_Available data_
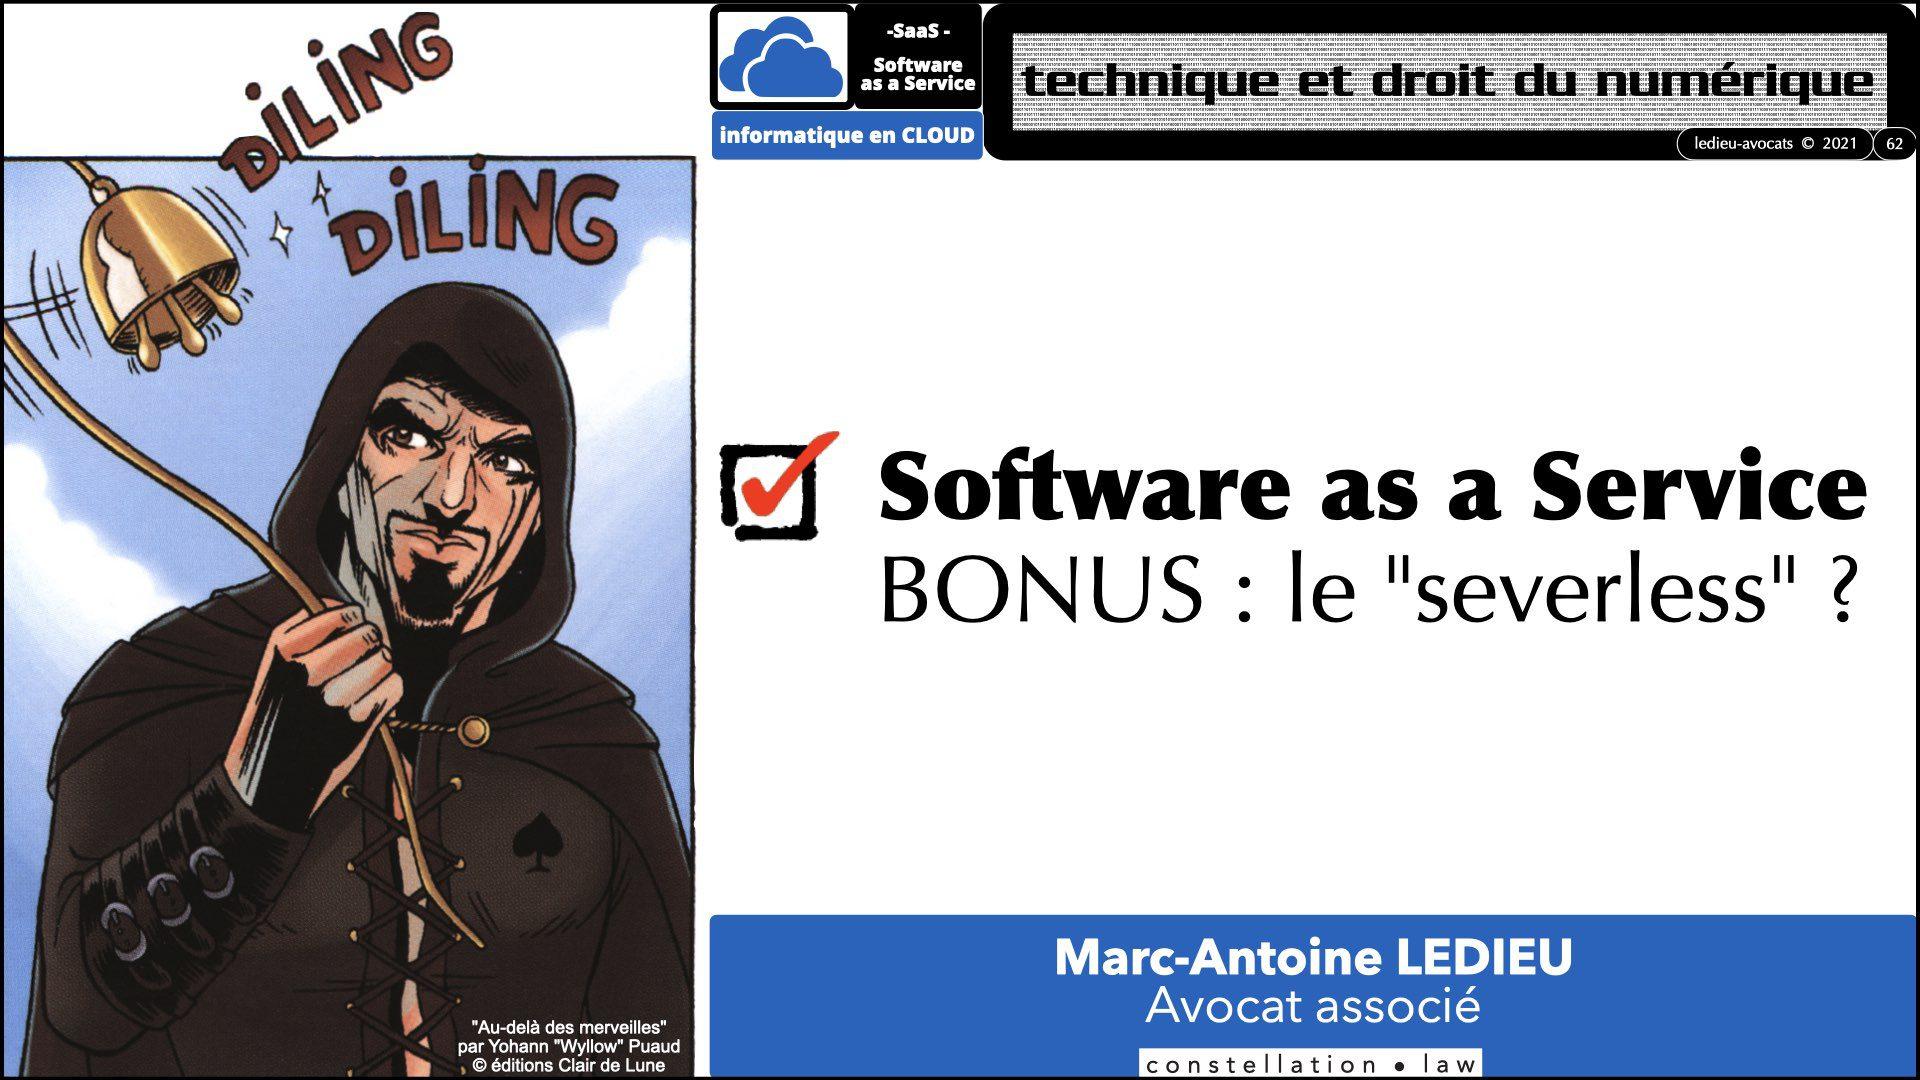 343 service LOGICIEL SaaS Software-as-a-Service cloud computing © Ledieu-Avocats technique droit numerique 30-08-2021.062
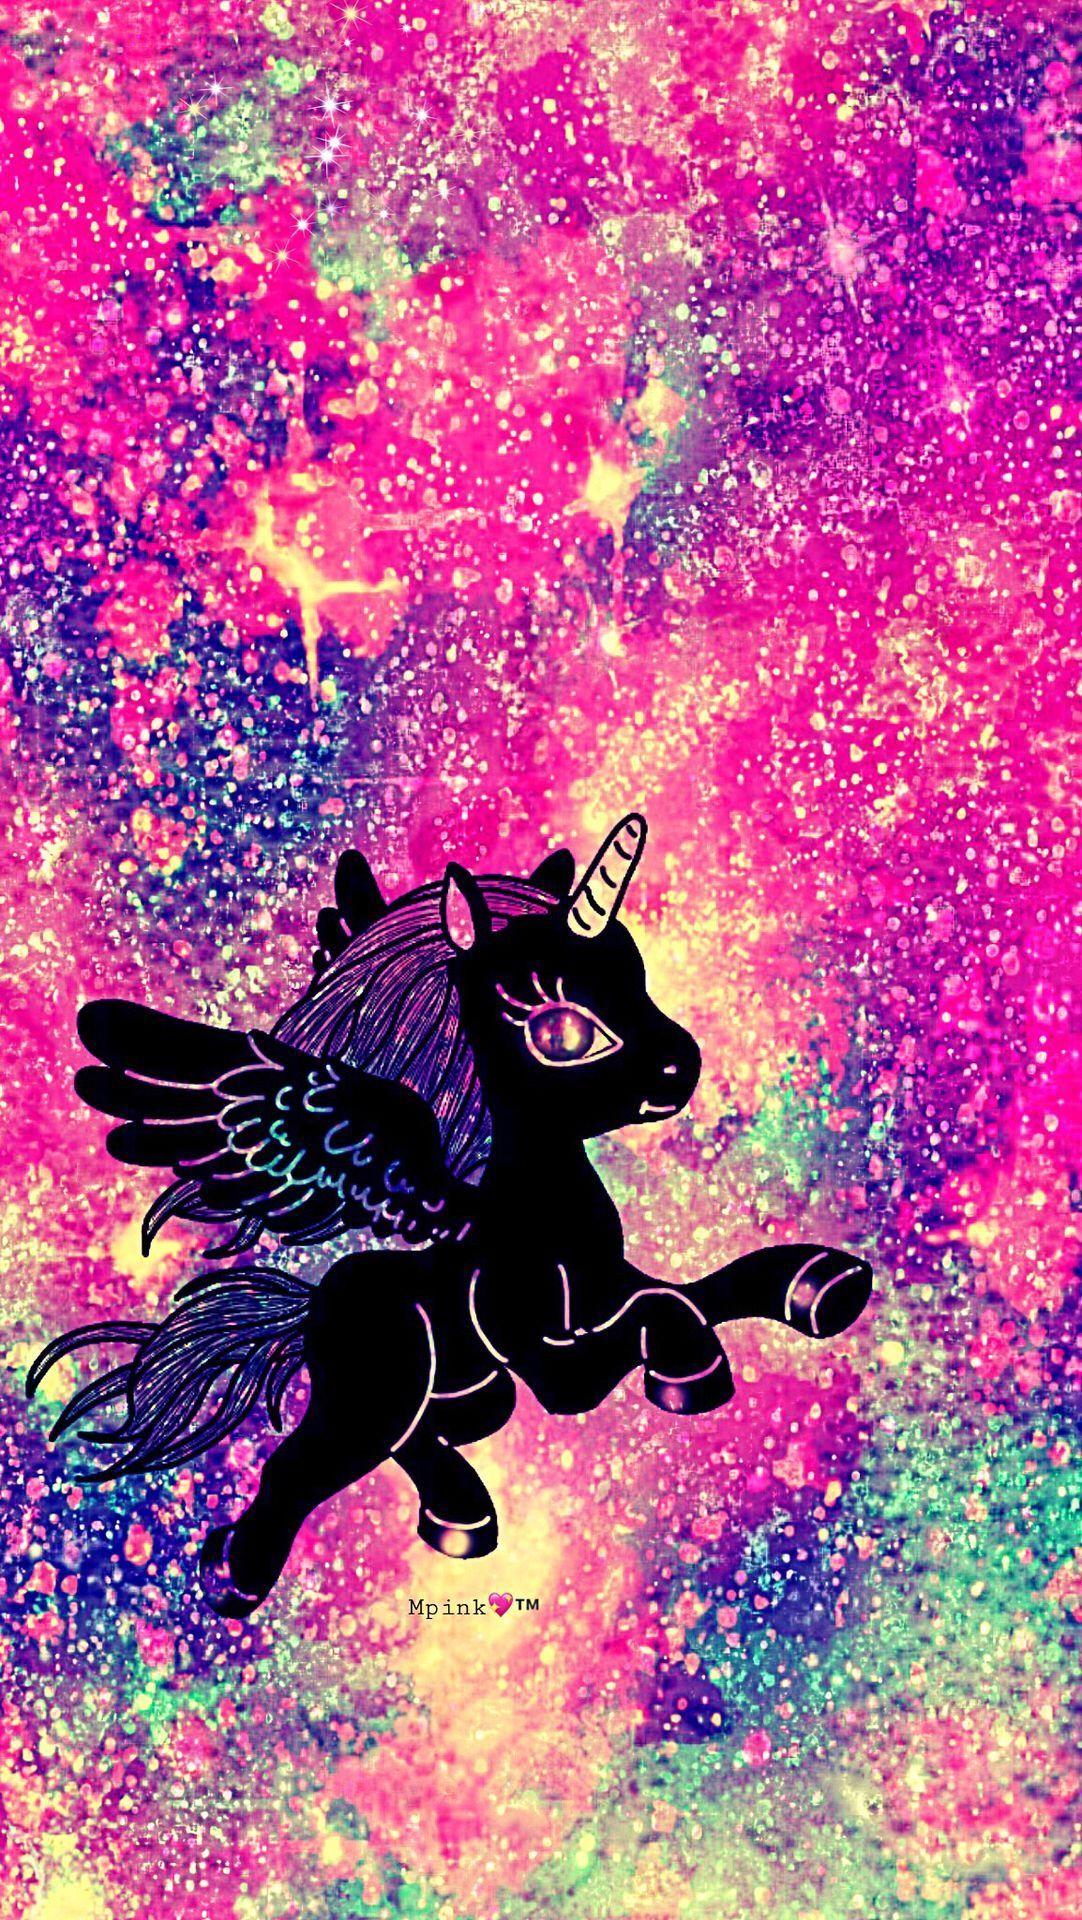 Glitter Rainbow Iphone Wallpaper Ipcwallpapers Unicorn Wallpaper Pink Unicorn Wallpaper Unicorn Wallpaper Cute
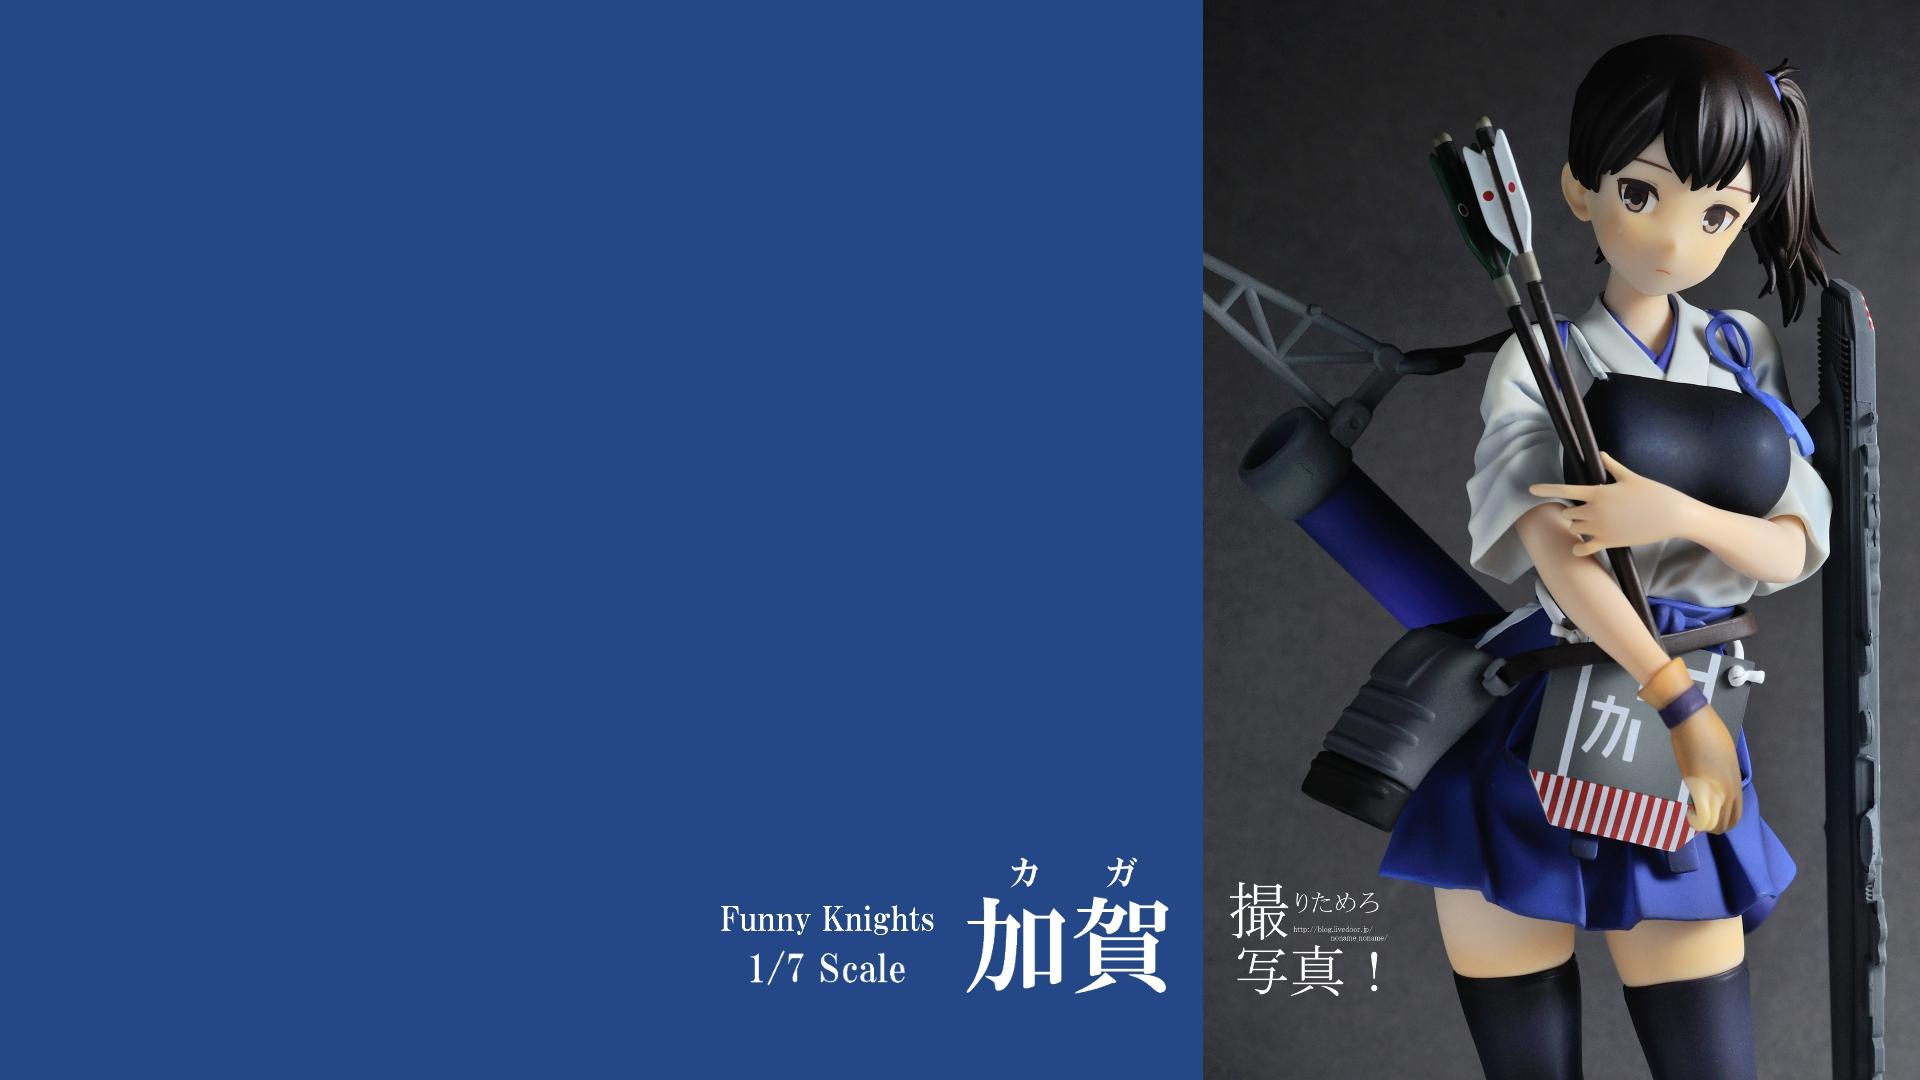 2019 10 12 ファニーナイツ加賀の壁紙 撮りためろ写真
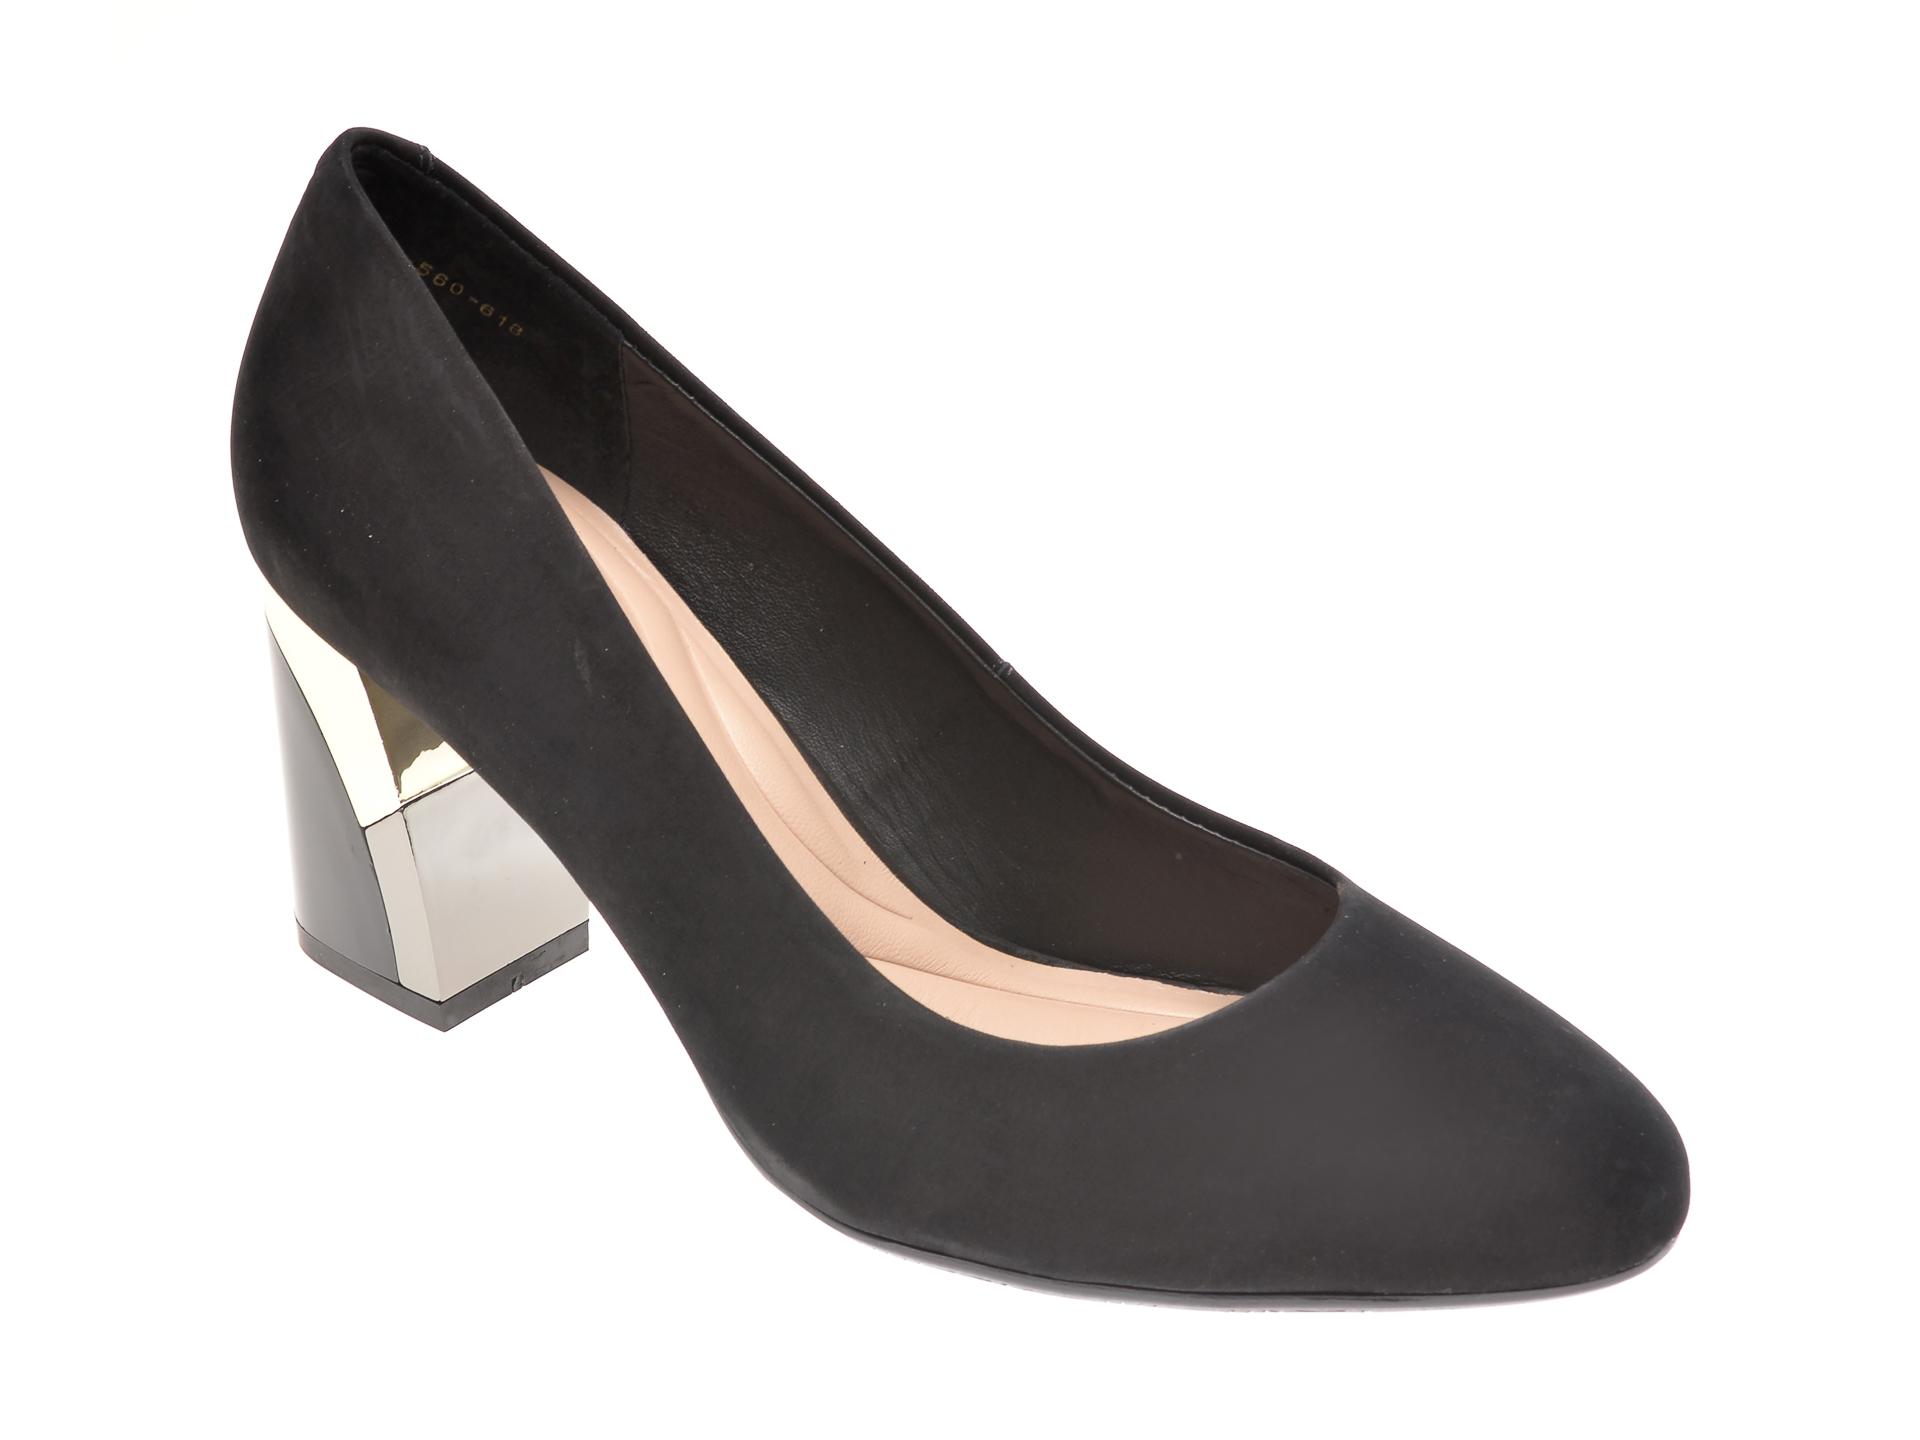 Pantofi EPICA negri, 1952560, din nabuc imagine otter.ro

_Exercise description_
Your task is to retype exactly the lines that run from the line with "2019 10 12 ファニーナイツ加賀の壁紙 撮りためろ写真" through the last line of the material, with the pictures left out.

_Result_
 2019 10 12 ファニーナイツ加賀の壁紙 撮りためろ写真
 Pantofi EPICA negri, 1952560, din nabuc imagine otter.ro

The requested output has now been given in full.